At step 604, when changes are detected, for example an API call has been intercepted or the polling has detected a change, the monitoring component packages up the modified NVRAM settings at step 606. These packages of modified persistent settings are sent back to a control node. If the monitoring component has not detected any changes, then the process moves back to step 602 to continue monitoring.
At step 608, the package of modified persistent settings is sent back to the control node. These modifications can be sent to the control node over the switch fabric, or the baseboard management controller interface. A secure protocol can be used to transfer the packaged modifications.

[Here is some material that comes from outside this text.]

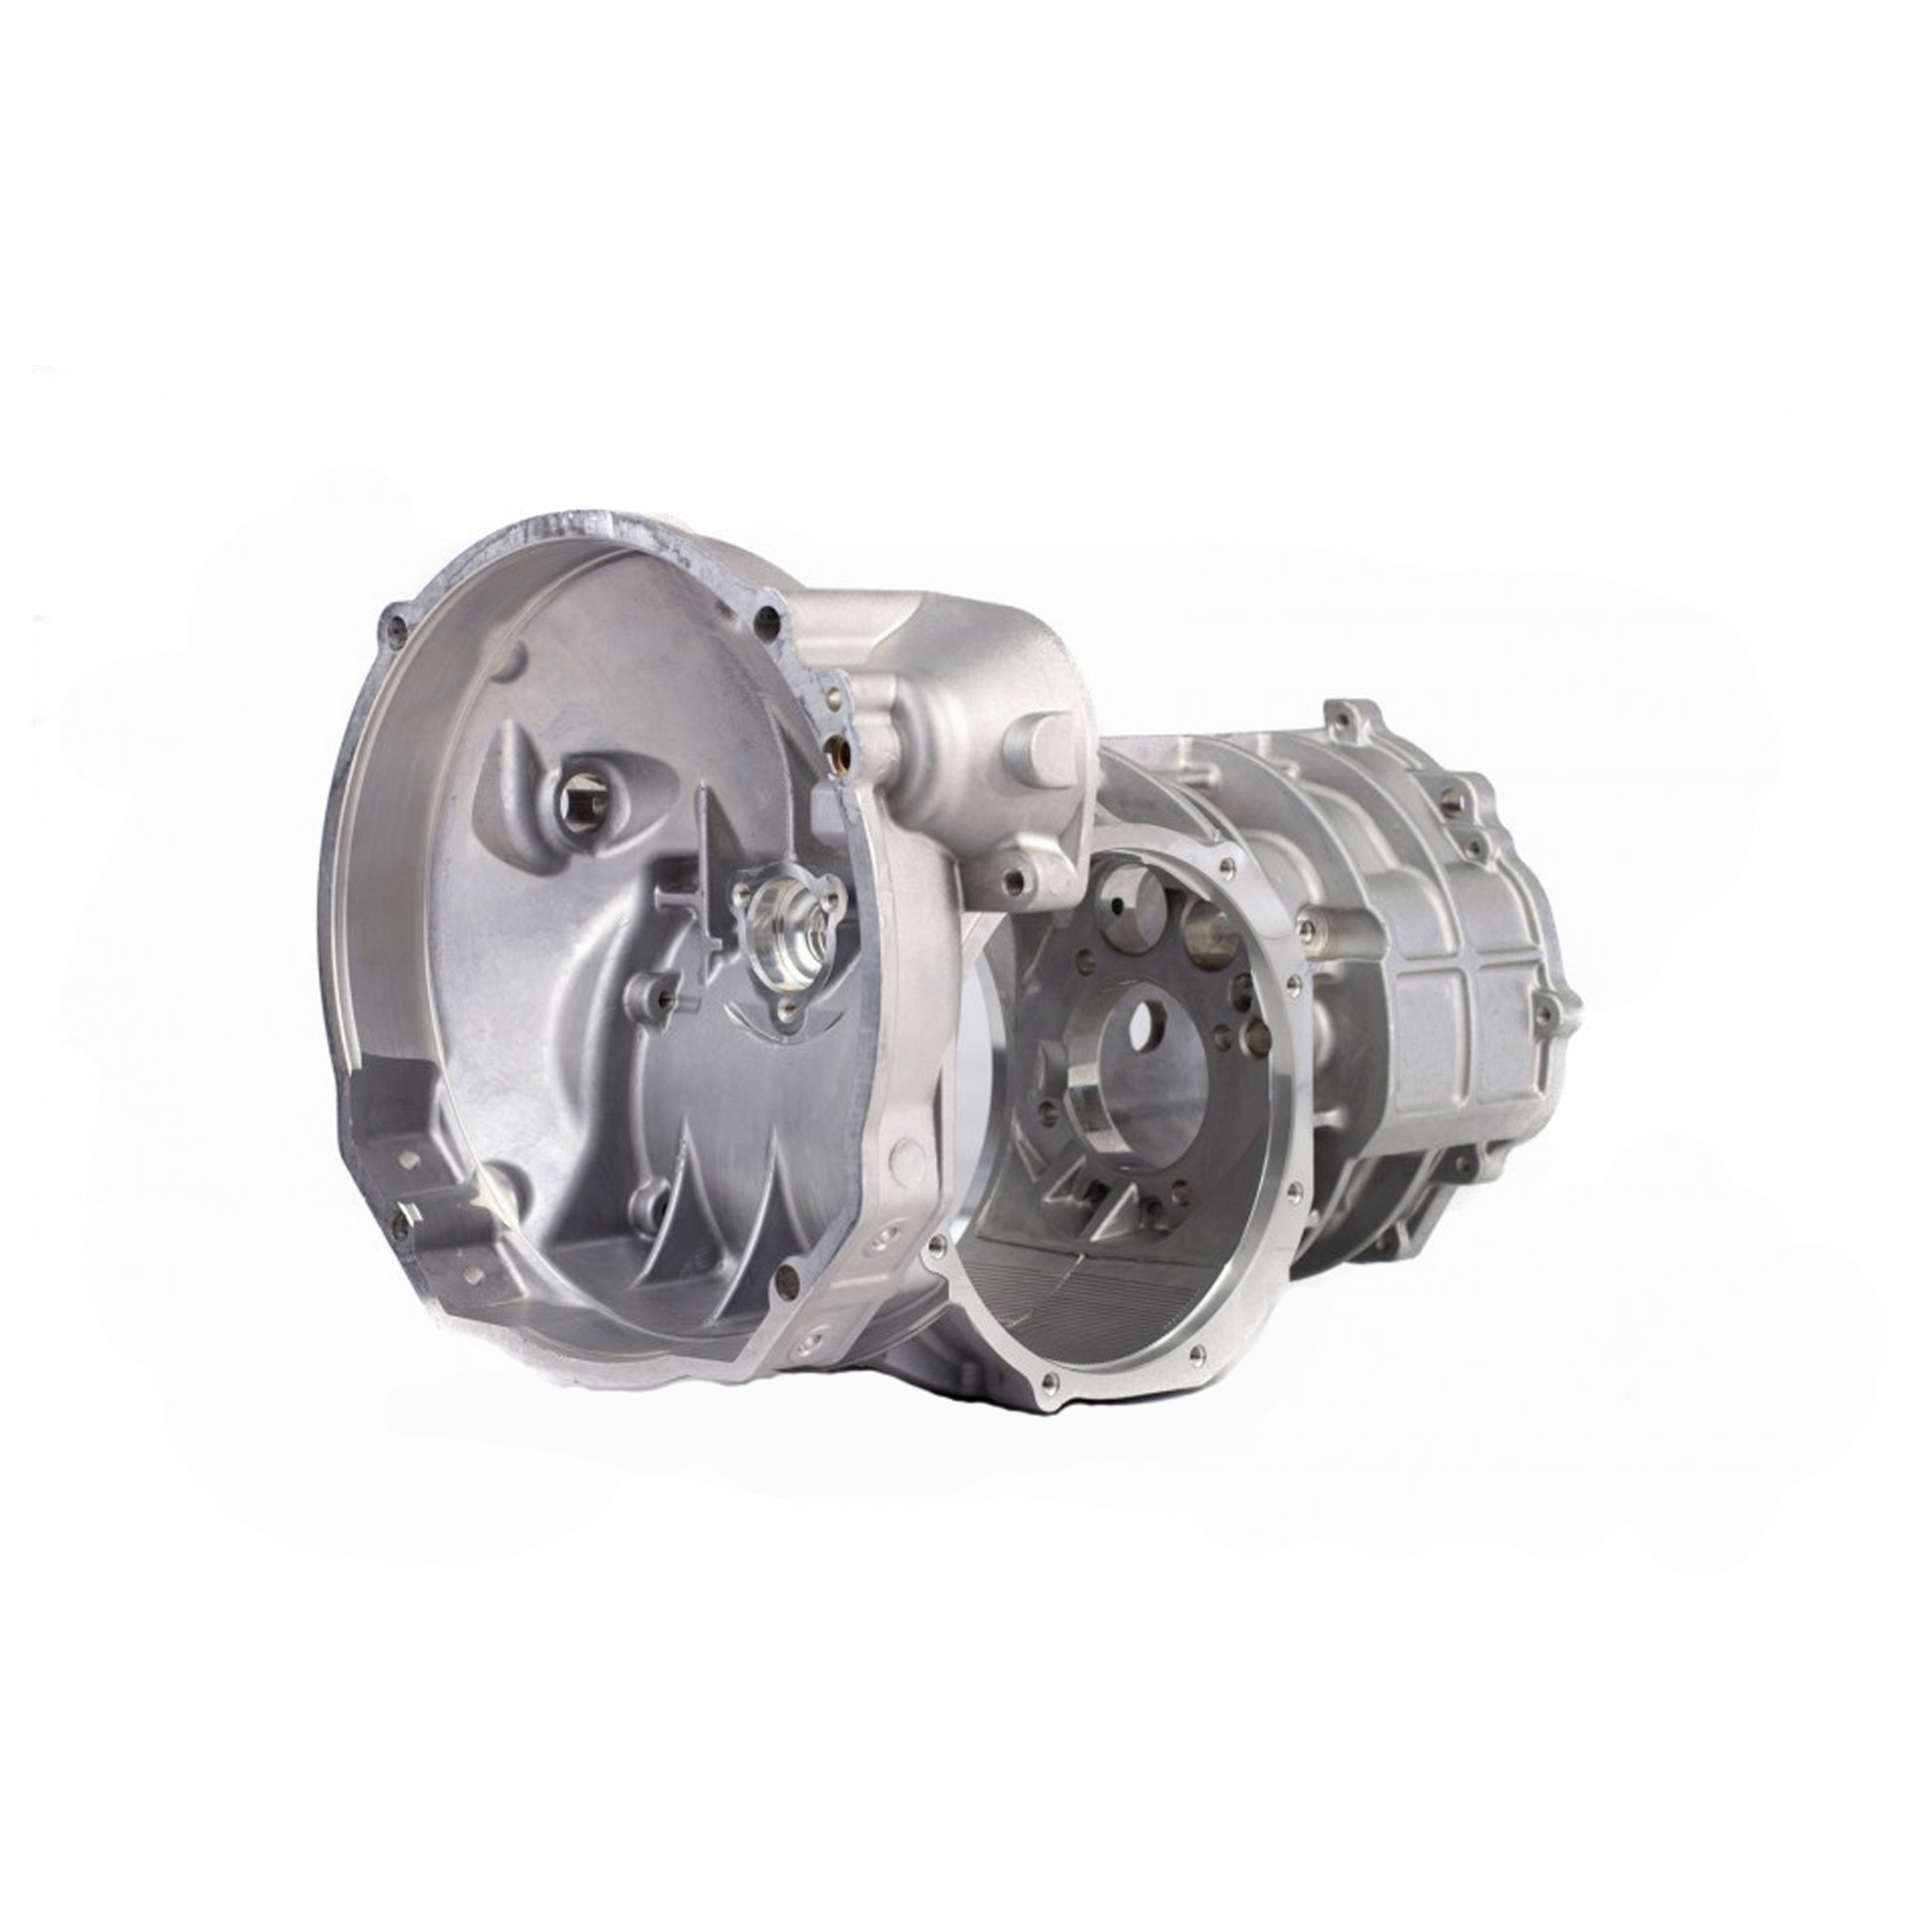 Matech Factory Custom Aluminum Low Pressure Casting Engine Block Cylinders(图21)

At step 610, the control node validates the package. For example, this can include ensuring that the package is properly formatted, the format of the data is correct, and checking that the modified persistent settings do not overwrite areas of the NVRAM memory that were not intended to be modified, or in any other way corrupt the NVRAM settings.
At step 612, after the package has been validated, the modifications are stored by updating the persistent settings database. The settings will then de deployed along with the other persistent settings the next time the processing resource and its corresponding applications are booted or deployed.
At step 616, if the package has not been validated, the modifications are ignored. Alternatively, the validated modifications are installed in persistent settings database, while the other modifications are ignored.
Although embodiments of the invention have been described in the context of deploying processing resources within a configurable deployment platform, for example a bladeframe system, embodiments of the invention can also be used to deploy persistent settings in other contexts. For example, embodiments of the invention can be used for installing persistent settings into a general-purpose computer system or specialized hardware device. This can be for operation of the device, or to prepare the computer or device to execute another application. Embodiments of the invention can be useful in any type of computer network where applications are deployed, for example, an enterprise computing network, a computing cluster, or distributed computing system.
While the invention has been described in connection with certain preferred embodiments, it will be understood that it is not intended to limit the invention to those particular embodiments. On the contrary, it is intended to cover all alternatives, modifications and equivalents as may be included in the appended claims. Some specific figures and source code languages are mentioned, but it is to be understood that such figures and languages are, however, given as examples only and are not intended to limit the scope of this invention in any manner.